In all honesty, we have been pretty spoiled as of late with some phenomenal marathon performances.  In the past ten years, the world record has been broken a total of five times.  Since 1997, it has been bettered nine times.  In the ten years preceding 1997, it was broken twice.  Something special occurred in 1997 - no doubt, it was a magical year. For instance, IBM’s Deep Blue computer beat a human (Grandmaster Garry Kasparov) in a game of chess for the first time.  James Cameron’s iconic Titanic premiered.  And Notorious B.I.G.’s Life After Death was released posthumously, changing college dance parties forever.  But more importantly, at least in the context of marathon running, 20 Kenyan men broke 2:10, which is more times than had been done up until that point in a single year, even when including every nation.  And after that, as they say, nothing was the same:

To be completely fair, runners hailing from Ethiopia have also been doing much of the heavy lifting when it comes to running fast marathons both consistently and often.  Shown here, for fun, is the breakout of every sub-2:10 performance by year and nationality.  I do not recommend staring at this chart for too long as I cannot guarantee it won’t induce a neurological condition.

The above information is more aptly displayed below, showcasing the amazing modern advent of east-African distance-running dominance.

The point of analyzing the past three graphs is to drive home the idea that the pool of runners who are in the ballpark of running 2:00 for a marathon is growing at an extremely rapid pace.  And that is important especially given that many elite runners do not take a shot at a fast marathon more than once or twice in a given year.  In order to keep inching the record closer and closer to 120 minutes, we will need hundreds, if not thousands, of athletes who are in the realm of that type of performance.
As an aside, I think it is also important to note that the average age of athletes running faster than 2:10 has been decreasing since the mid-1990’s, albeit slowly.

Getting back to the projection of a date for this magical performance, one metric to consider is what would be a comparable time in a similar event, such as the 10,000-meters or half-marathon.   From here, we could evaluate whether the record in that respective event is comparable to the 2-hour barrier in the marathon.  Below is a chart showing the 10,000-meter and marathon PBs for all athletes who have run faster than both 28:30 and 2:10, respectively.

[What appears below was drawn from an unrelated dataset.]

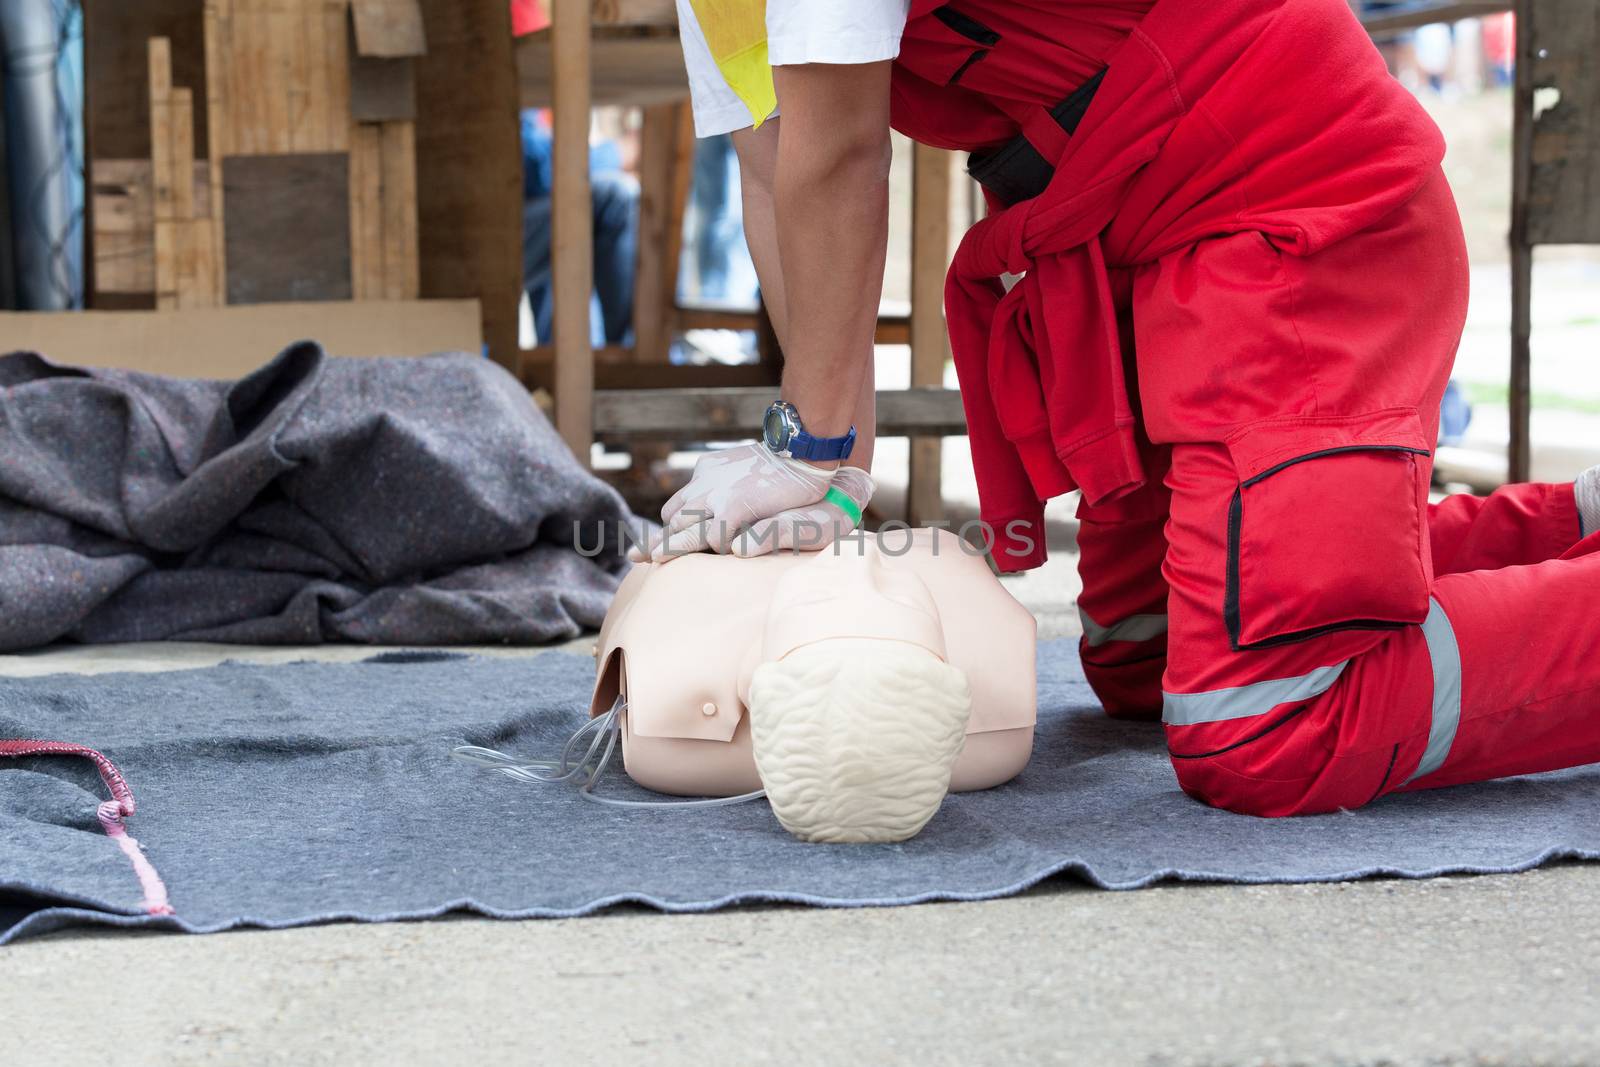 First aid training detail. Cardiopulmonary resuscitation - CPR.

Here is the same chart for the half-marathon and marathon, including every athlete who has a PB of at least 61:30 and 2:10, respectively.

Note that the equation for the line of best fit has been included in each chart.  This allows us to extrapolate a comparable time in each event.  Inserting 2 hours into the y variable of each equation, we are given a 10,000-meter time of 20:15 and a half-marathon time of 52:32.  Intuitively, these performances are ludicrous.  There is good reason for this.  Our R2, or coefficient of determination, is comically low in both instances. As a bit of background, the coefficient of determination is defined as the degree to which our regression line is represented by the data.  This coefficient is expressed by a numeric value between 0 and 1.  Given our respective R2's of 0.15 and 0.21, the statistical community would regard these corollaries somewhere between complete garbage and worthless.  Taking 1-R2, we can say that 85% and 79% of these regression lines are based on error in the model.  This is not good for predicative purposes.  If I hear that you are telling people “Hey, my buddy Scott said that a 2 hour marathon is the equivalent of a 20:15 10K and 52:32 half marathon” I will come find you and sternly wag my finger.  This exercise was largely conducted to show that the 10,000-meters and half-marathon have little predictive value when it comes to extrapolating marathon times.
A final approach would be to evaluate the trajectory of the world record year-by-year.  Since we have had very consistent time-keeping practices over the past hundred years or so, there may be some predictive value in projecting future times based on all of our previous bests.  In a sense, after all, we are standing on the shoulders of all those who came before.  Below is a chart showing the world record since 1908, with a logarithmic line of best fit inserted for projection purposes.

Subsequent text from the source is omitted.